The original reels of the Port Chester run of '71 were audibly tainted due to a grounding problem. 4/5/71 also suffers from this problem and probably other '71 shows which I have not heard yet. The problem results in a tone in the original reels which hovers around 8000 Hz with an amplitude of about +20 to +30 dB above the noise floor. This manifests itself as a very annoying pitch, especially during quiet sections, which is in the old-tv-tube or lousy-hard-disk or maybe even the-sound-you-hear-after-you-smack-your-head-against-a-concrete-wall class of 'whine'. However, because this interference is monochromatic it's easy to get rid of if you have the processing power and a quick FFT algorithm. I used the filter-shaping capabilities of the Sonic Foundry Noise Reduction Plugin to tailor a very narrow notch filter which attenuated the interference without affecting the rest of the signal. And it's all done in the digital domain. Huzzah!

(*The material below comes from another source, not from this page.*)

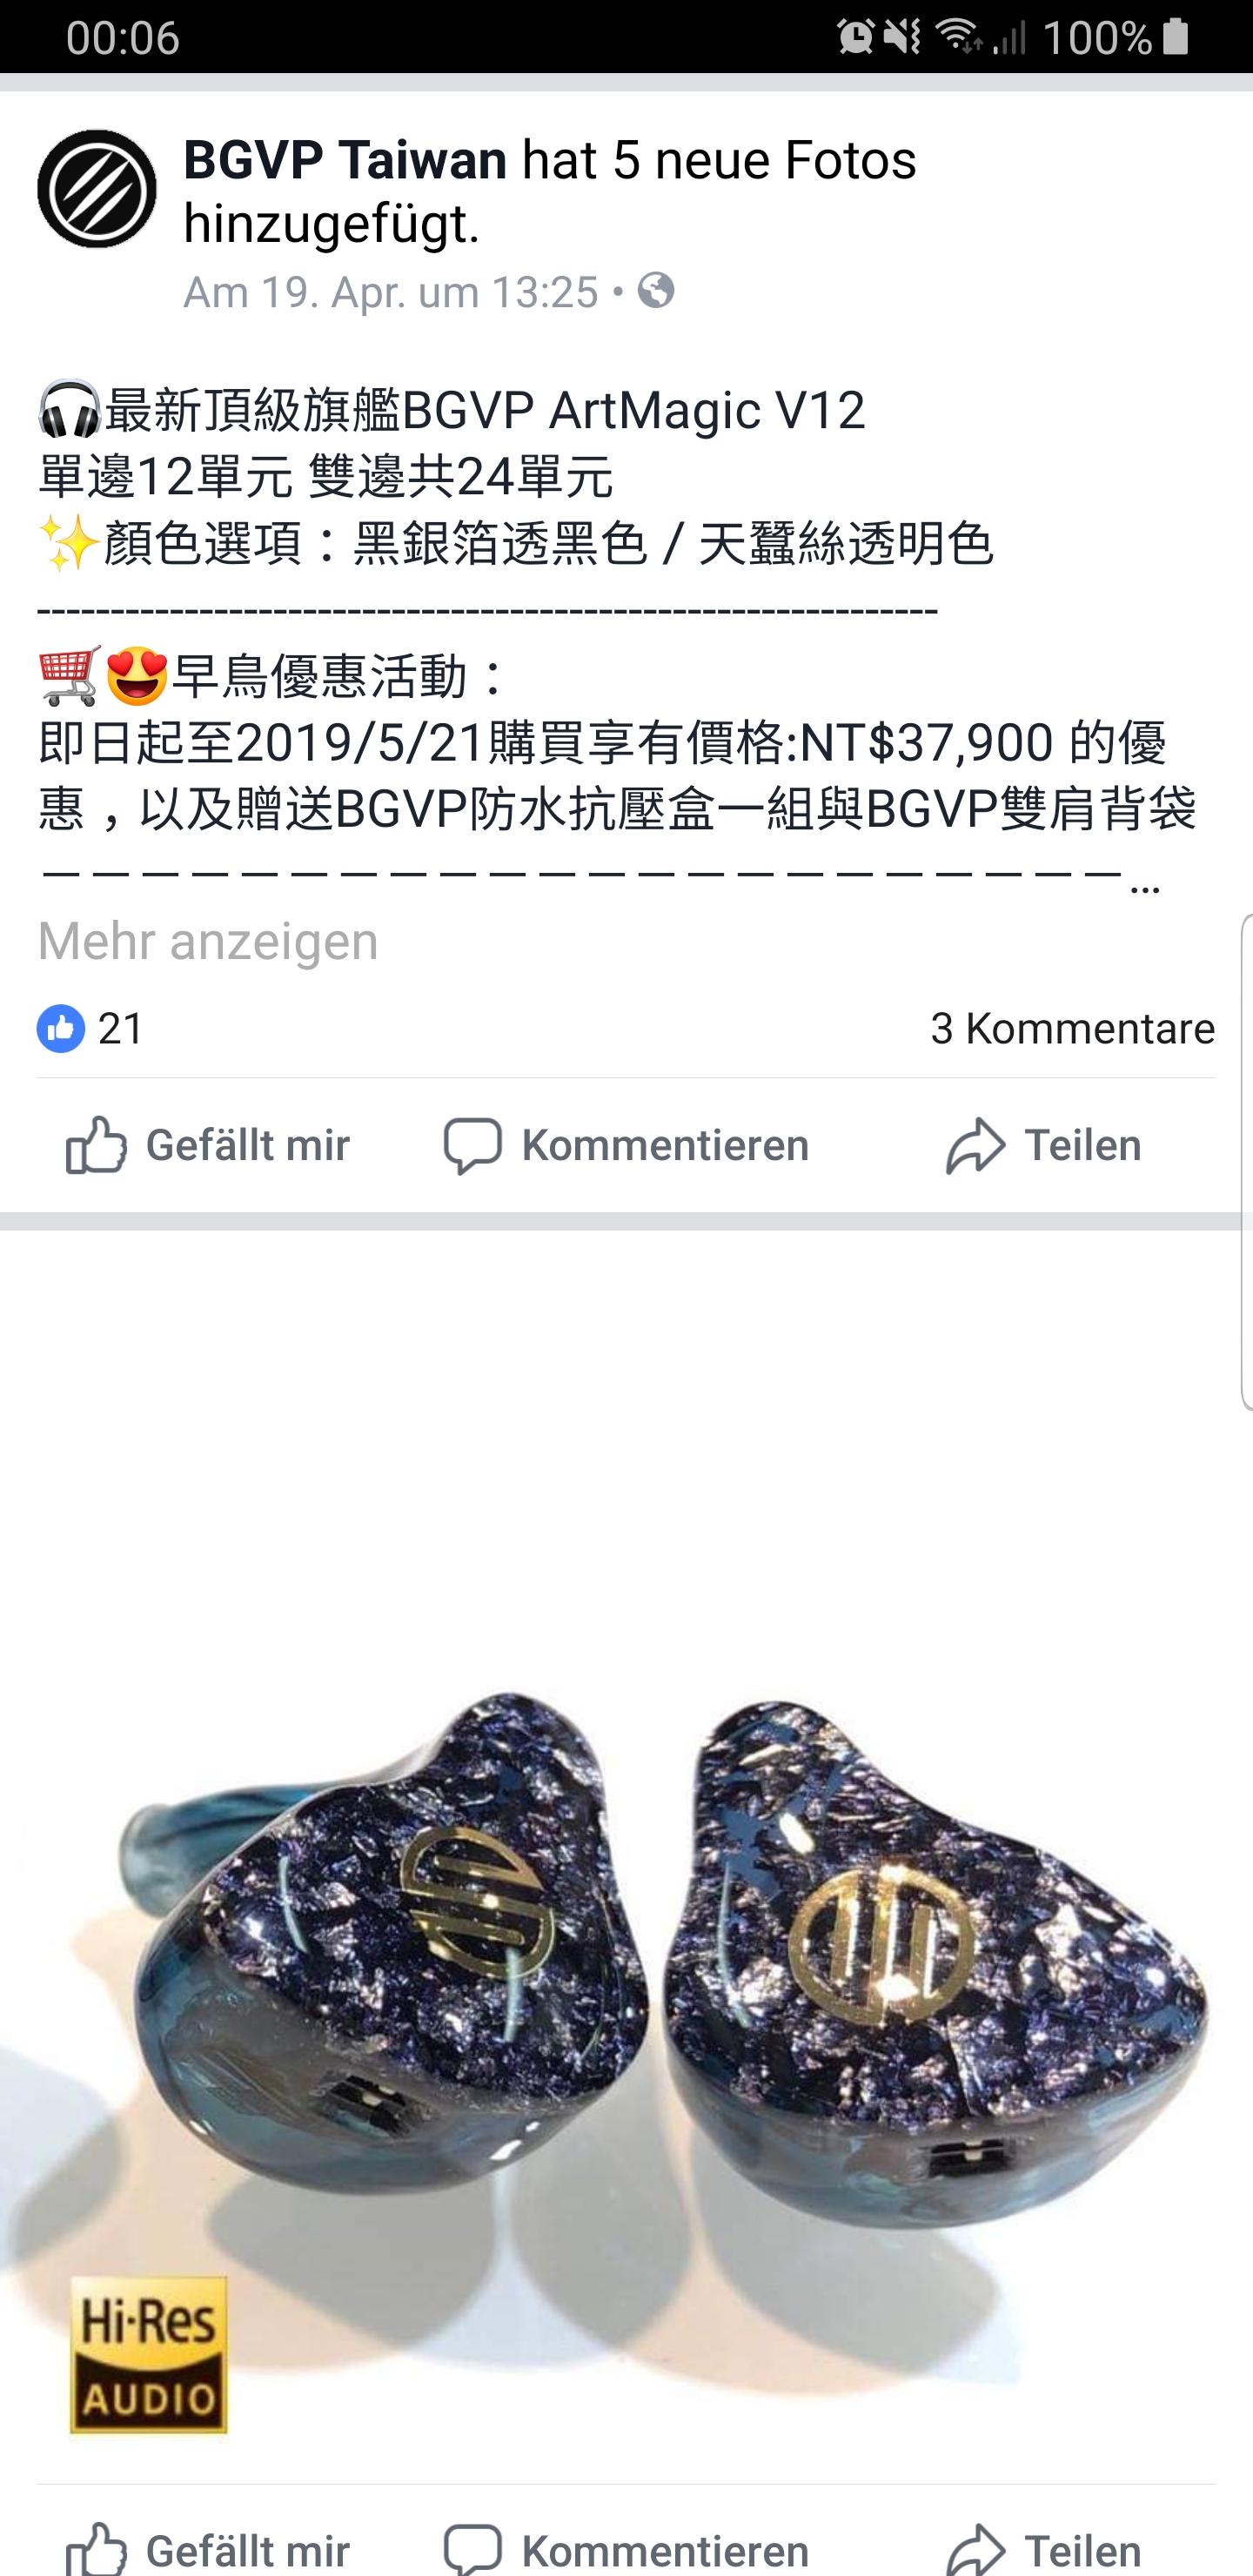 Screenshot_20190425-000614_Facebook.jpg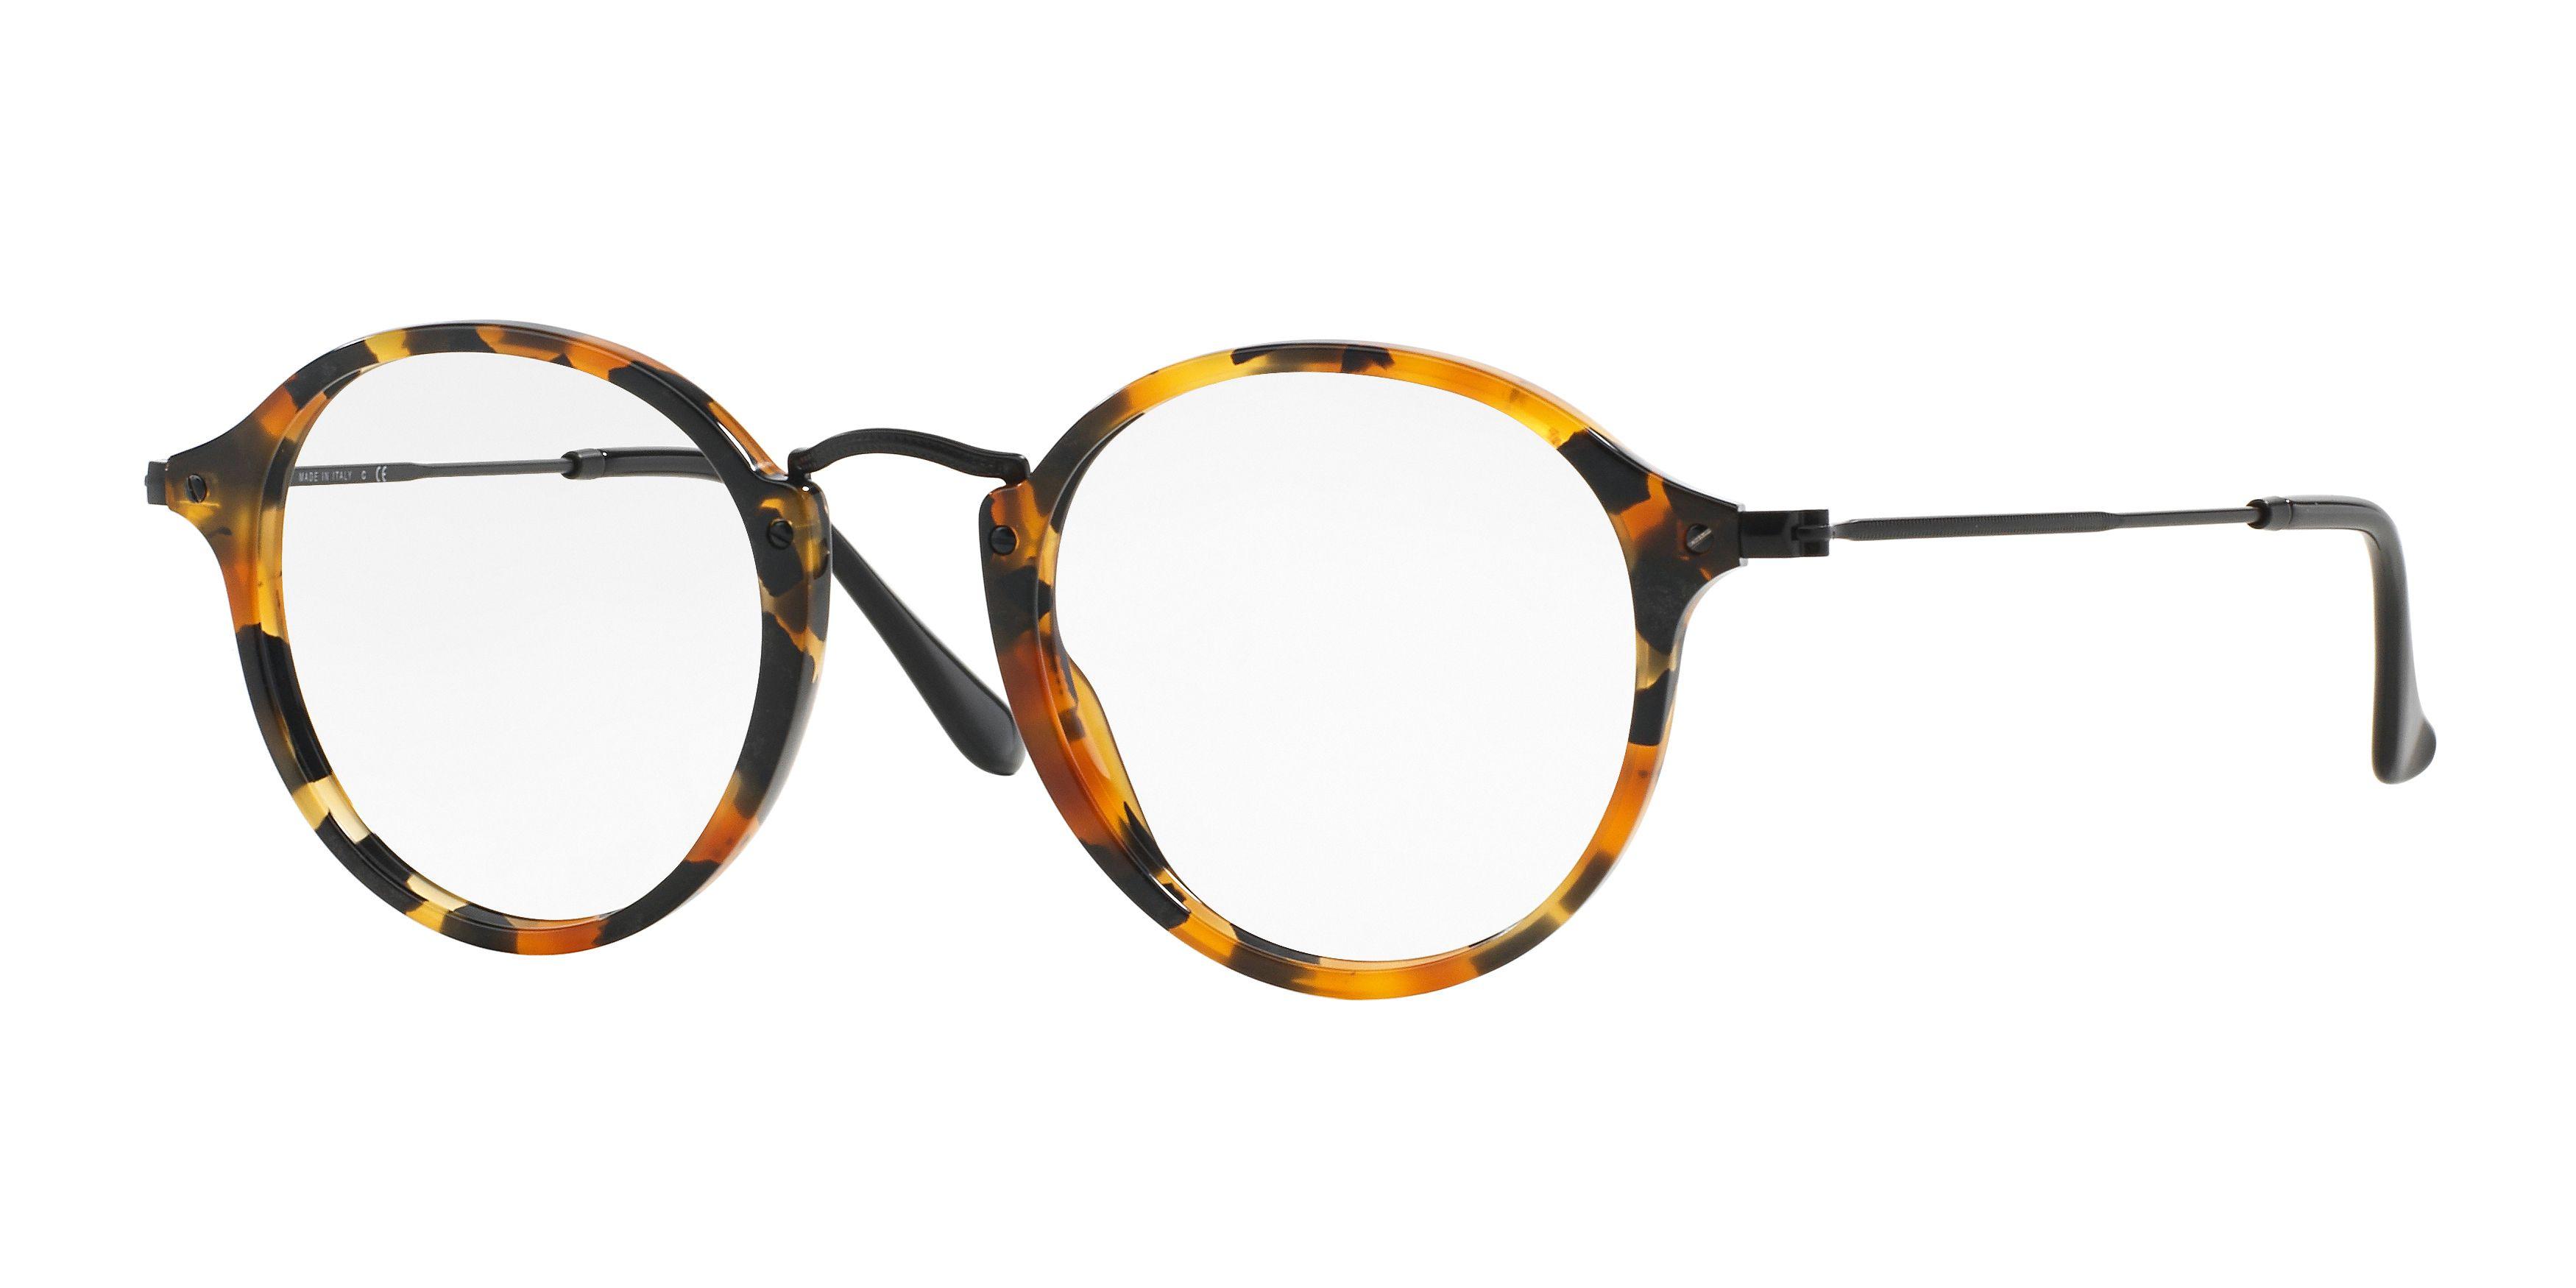 femme lunettes rencontre une rencontre le film bande annonce

Actually, I actually ended up crafting many filters to process these shows. The frequency of the interference actually drifted anywhere from 7500 to 8100 Hz during a given show. This was probably due to a slightly wandering reel speed. It made my work harder but when I tried a much wider filter I started to be able to hear the attenuation in the music. Hence, I used the narrowest filter possible over a reasonable timeframe to attenuate the wandering whine.

Note/warning: There is an audibly inferior version of 2/18/71 going around. The filtering on this version was done with a "brute force" technique (one very wide filter). For comparisons with graphs and my own ruminations check out this link.




Fig. 1

A snapshot of a Sound Forge clip of 2/24/71, set I. The red markers indicate the frequency of the whine at the marker. As you can see, the frequency of the whine drifted throughout the set, mostly in one direction.




Fig. 2

An example notch filter. This filter was used between markers 7710 and 7750 seen in Fig. 1 (not the highlighted section, sorry, the region to the right of it). The frequency response represents a mix of a few seconds of inter-song "silence" at 7710 and 7750, focussed on the the interference. The twin peaks represent the interference at 7710 and 7750. I crafted the filter (the parabolic shape with the nodes) under the assumption that the whine did not drift significantly outside of the range of the peaks.


The end result of all this selective filtering is no more annoying whine, and no audible attenuation of the signal, i.e., the show!

I also removed some of the nasty microphone feedback in the 2/18/71 Bertha using this type of filter.